Provided data Block Start

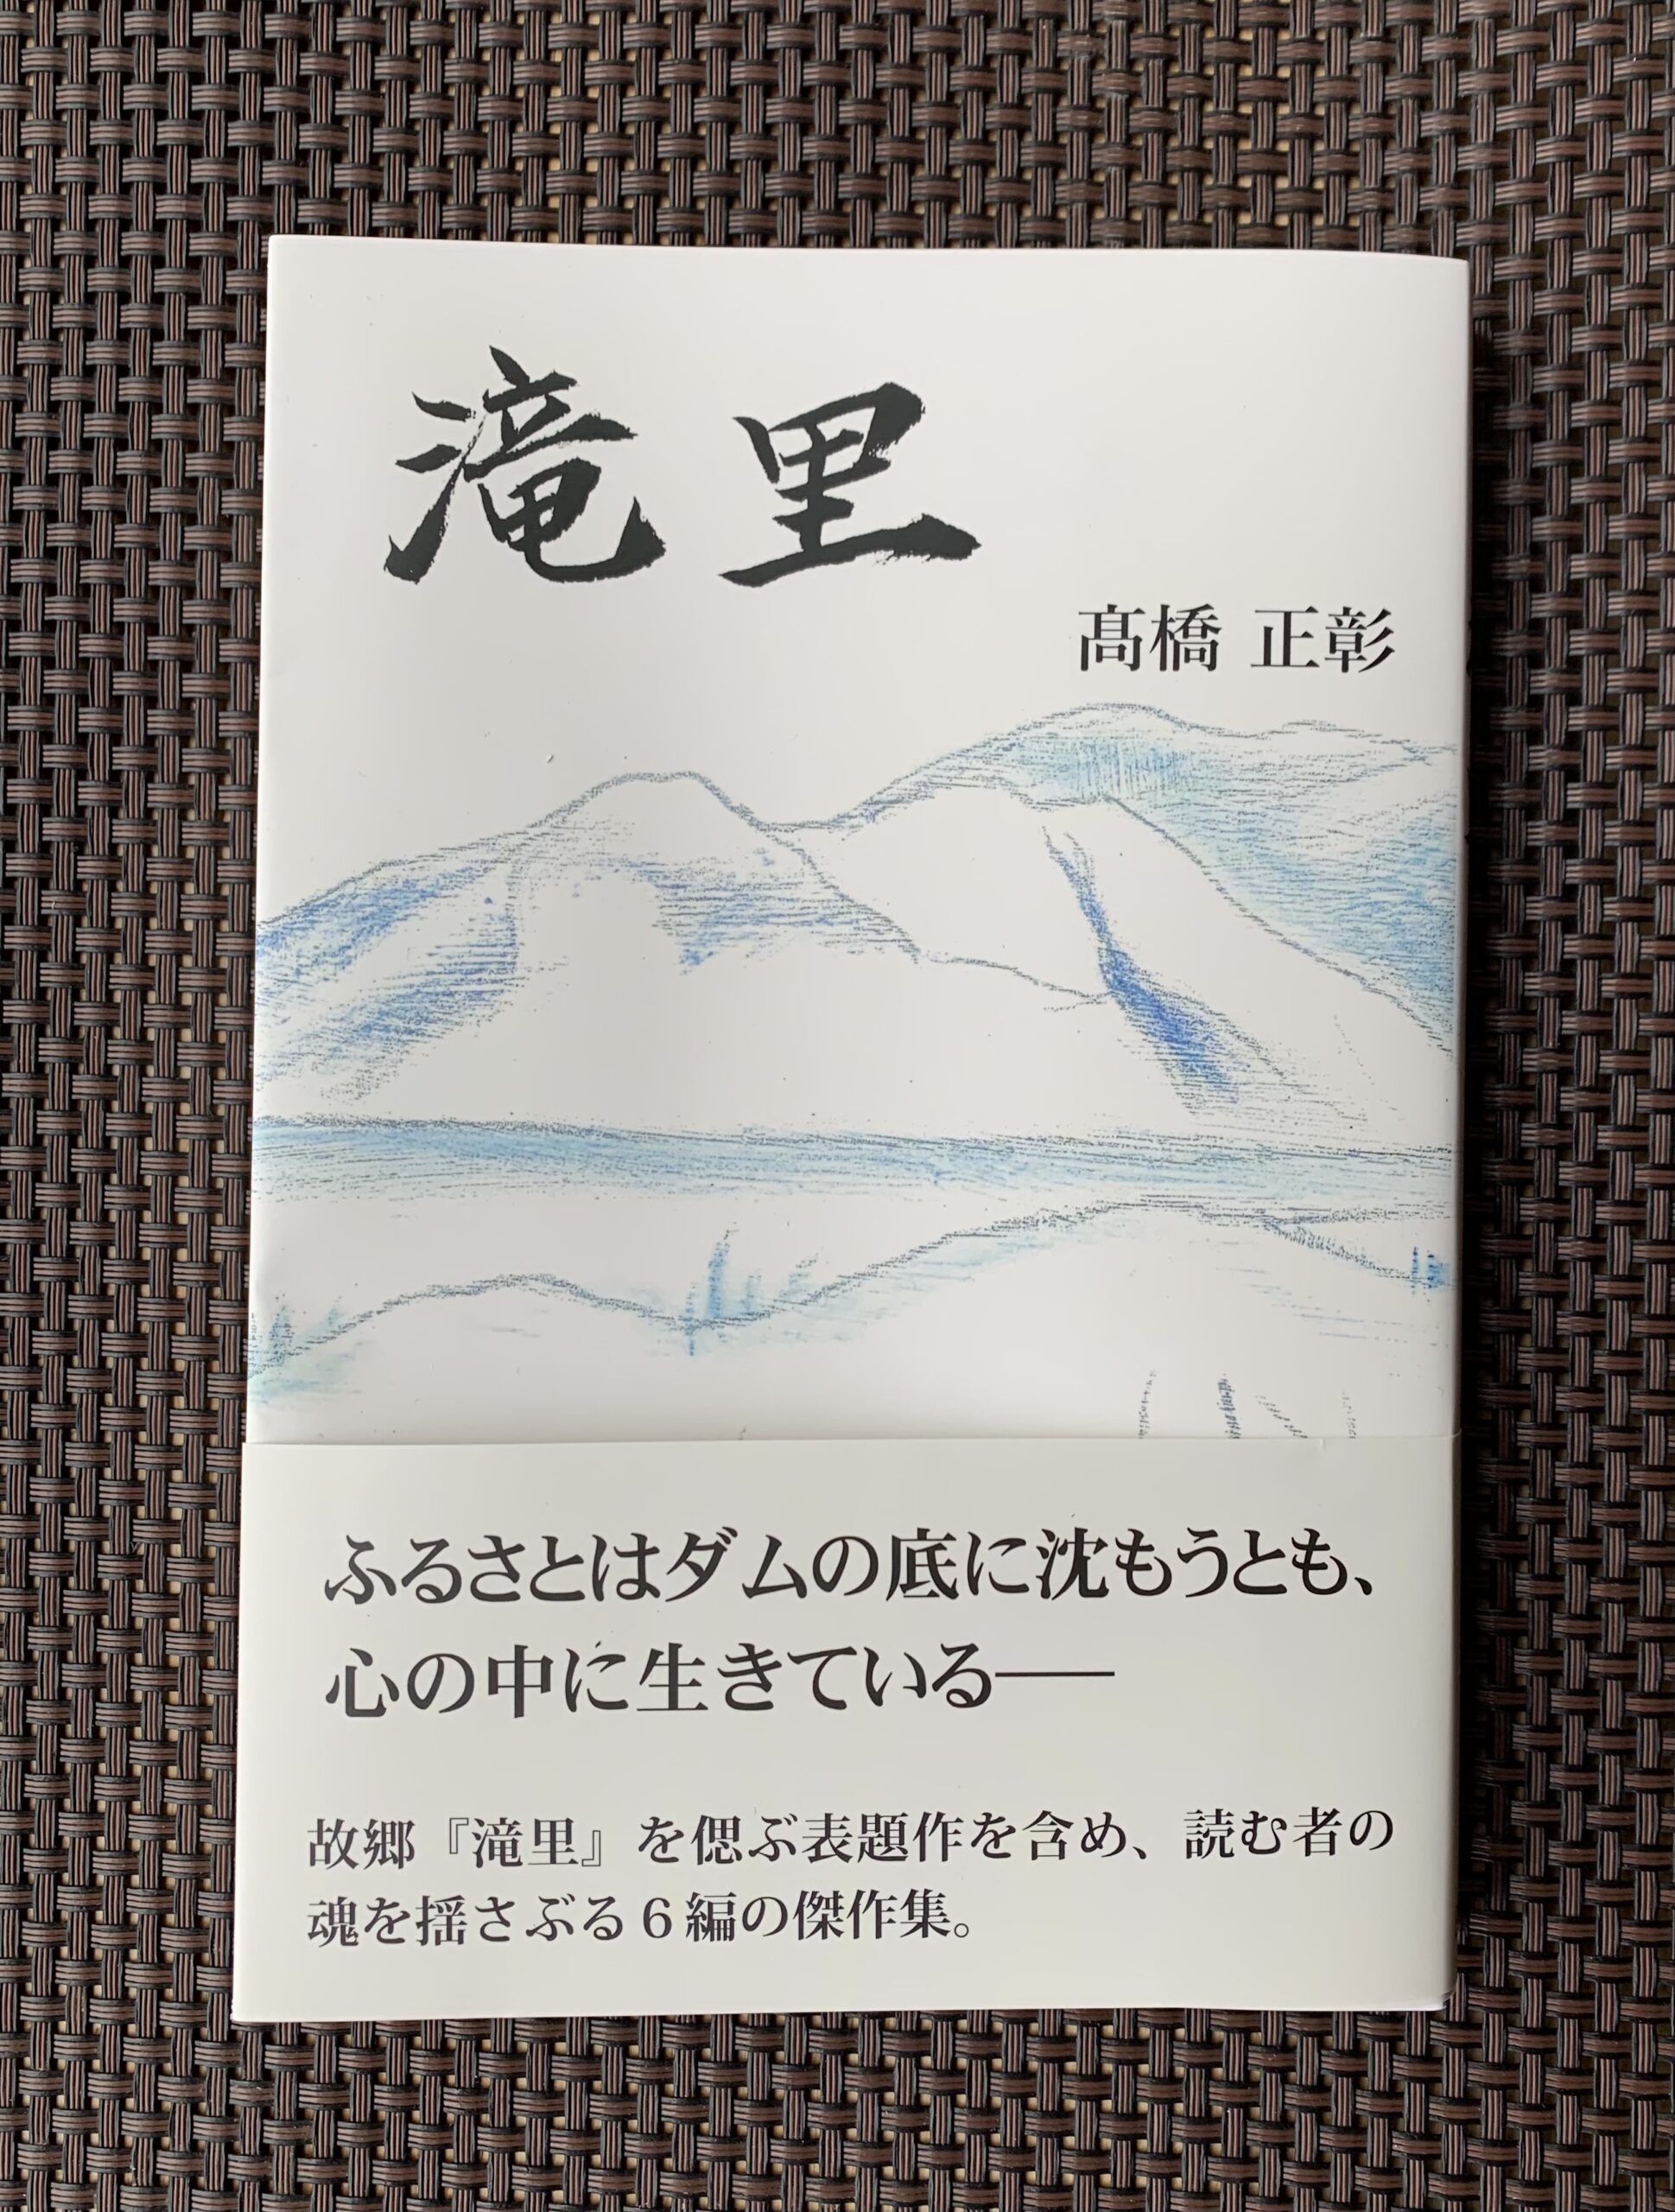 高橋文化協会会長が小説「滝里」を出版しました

Provided data Block End
Provided data Block Start

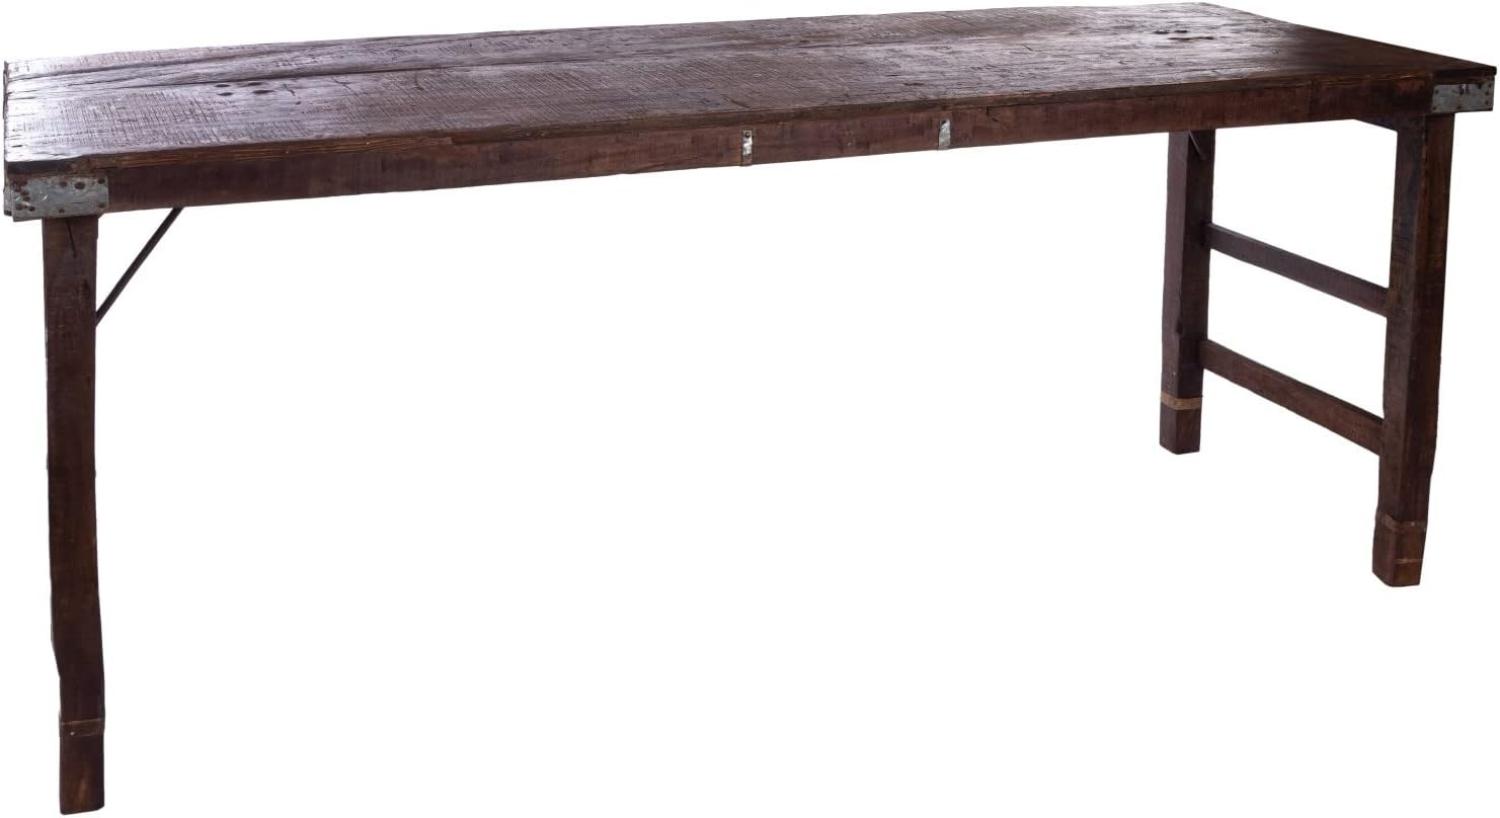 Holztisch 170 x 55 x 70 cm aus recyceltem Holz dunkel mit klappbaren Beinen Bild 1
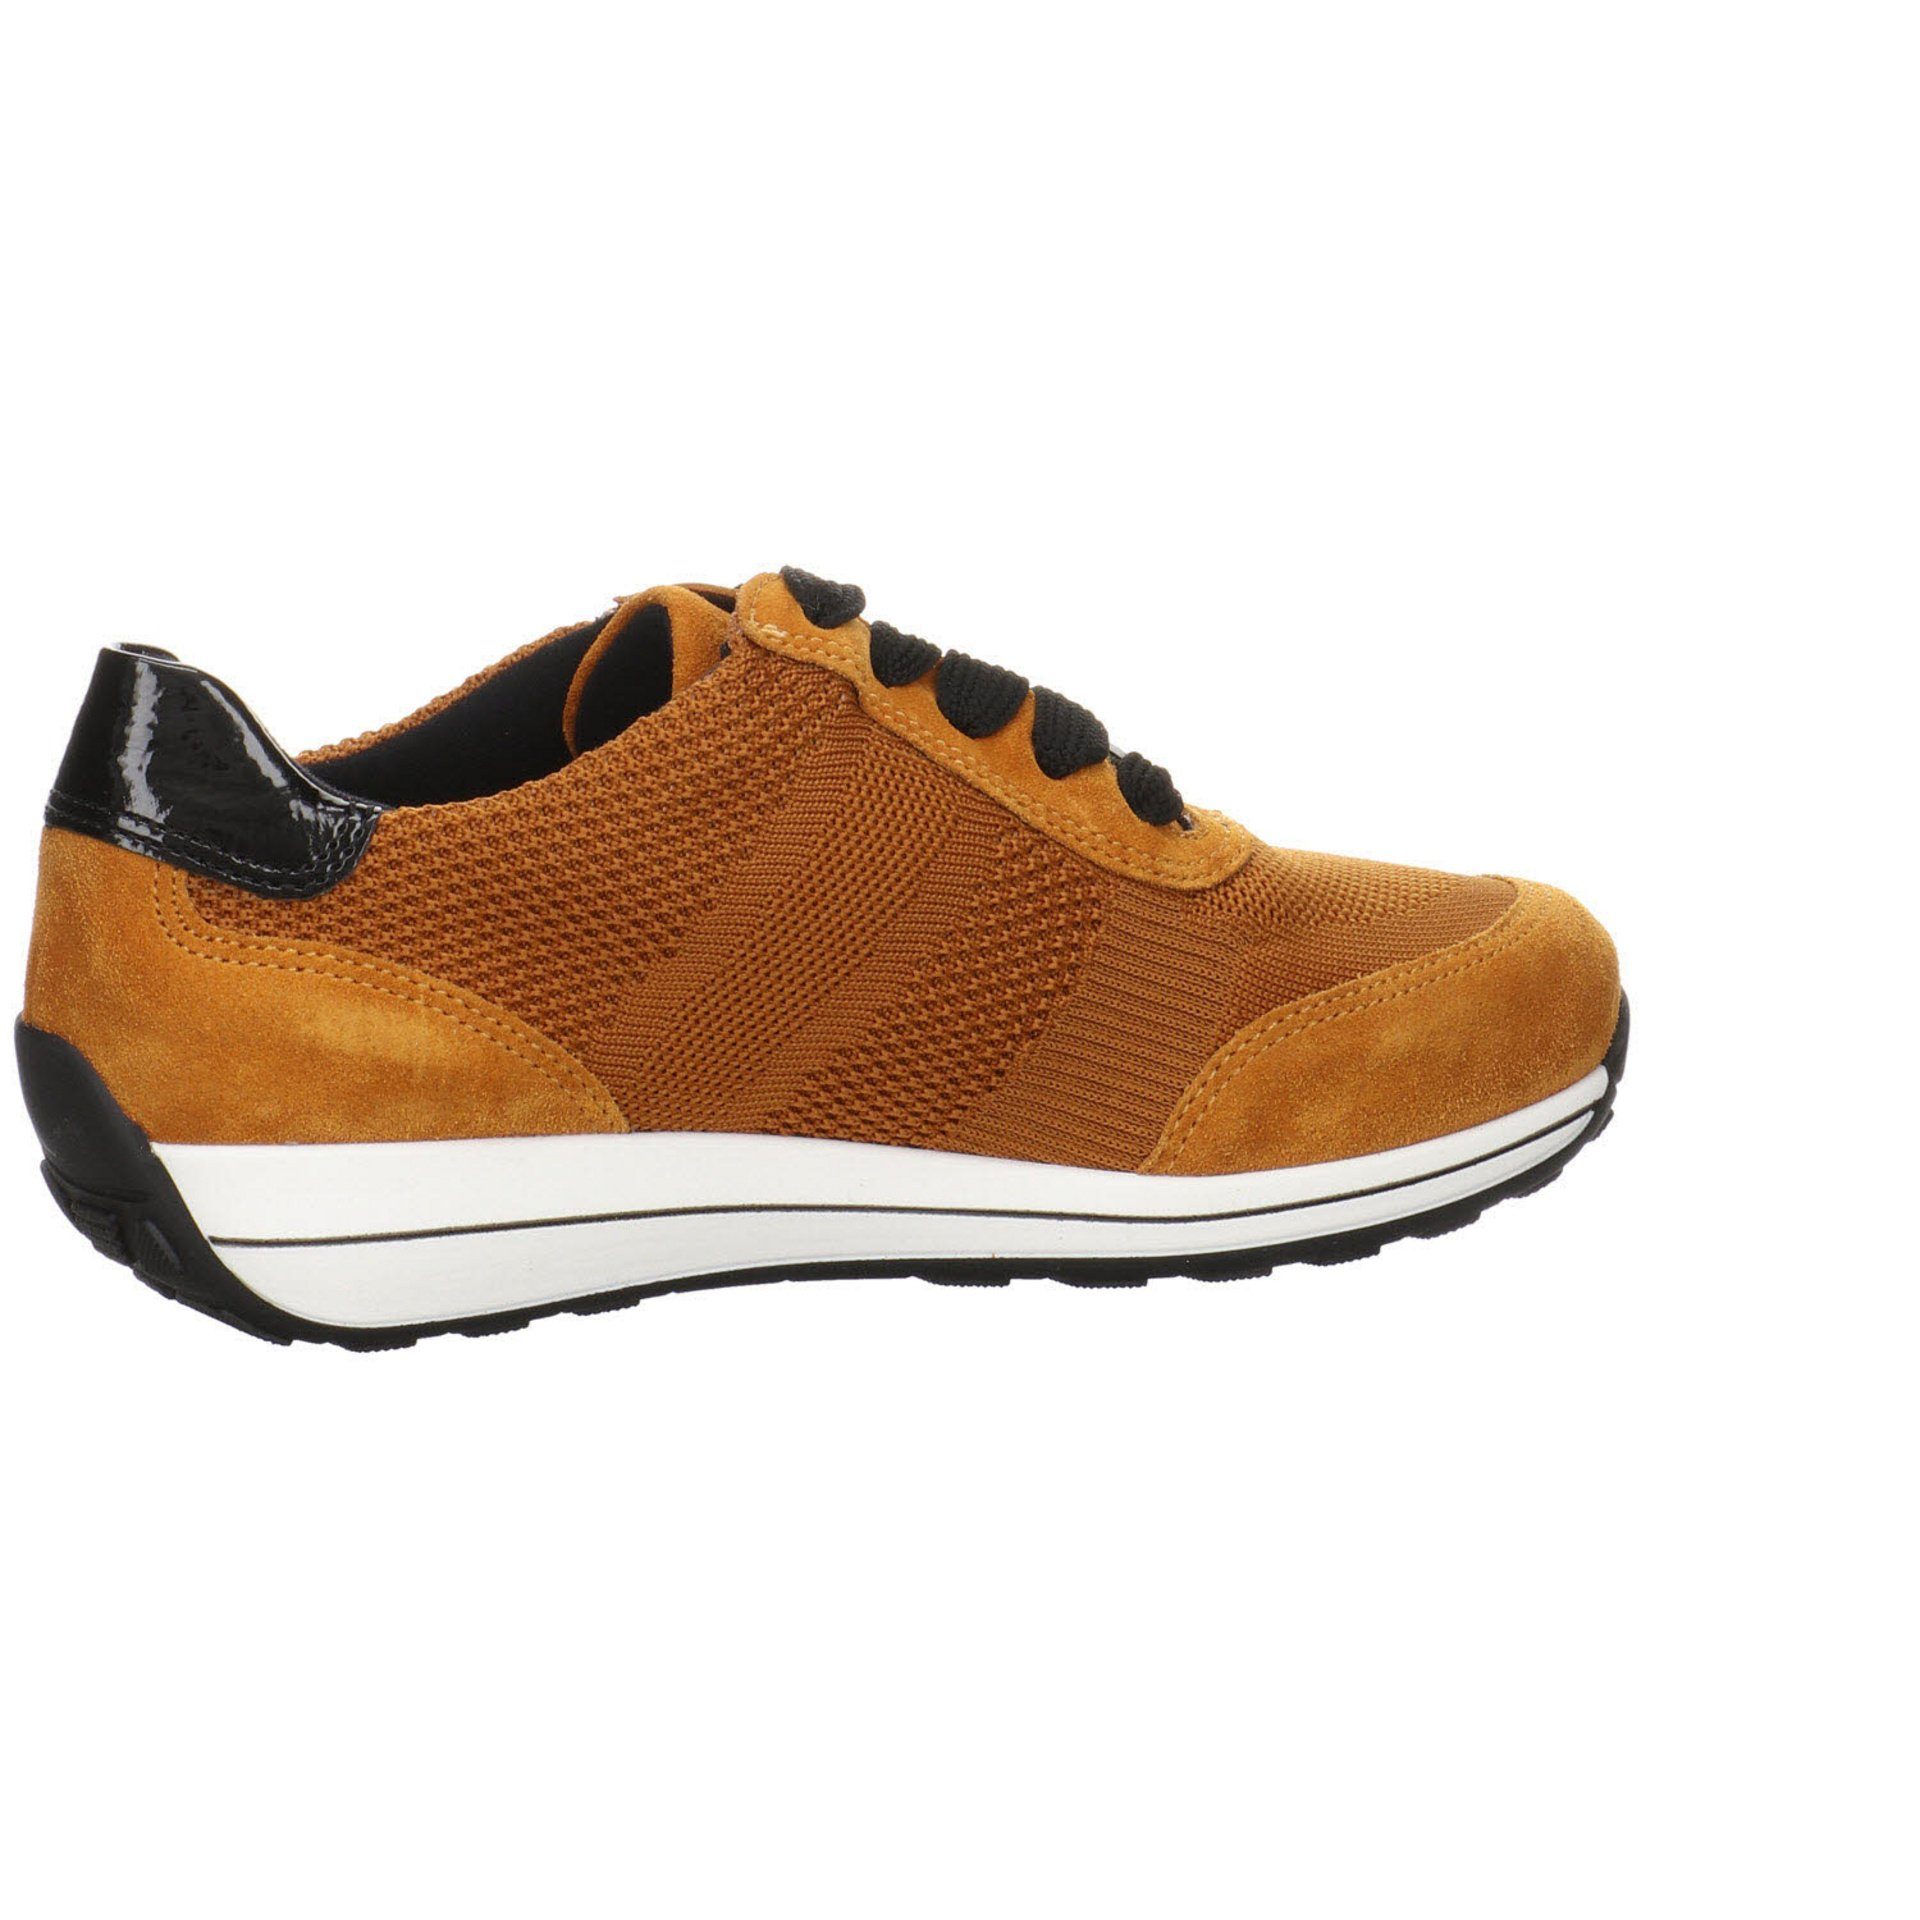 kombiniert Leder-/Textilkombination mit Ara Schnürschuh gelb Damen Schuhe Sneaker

Provided data Block End

In the listing above, find the line containing "Holztisch 170 x" and the line containing "kombiniert Leder-/Textilkombination mit", then print exactly those two lines and every line between them, minus the pictures.

 Holztisch 170 x 55 x 70 cm aus recyceltem Holz dunkel mit klappbaren Beinen Bild 1
 kombiniert Leder-/Textilkombination mit Ara Schnürschuh gelb Damen Schuhe Sneaker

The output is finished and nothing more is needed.